= AVAILABLE DATA =
* * *

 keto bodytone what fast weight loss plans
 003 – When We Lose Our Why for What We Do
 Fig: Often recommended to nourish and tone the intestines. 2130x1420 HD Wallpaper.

* * *

= WORK REQUEST =
Retype each line above with no alterations.

= RESPONSE TO THE EXERCISE =
 keto bodytone what fast weight loss plans
 003 – When We Lose Our Why for What We Do
 Fig: Often recommended to nourish and tone the intestines. 2130x1420 HD Wallpaper.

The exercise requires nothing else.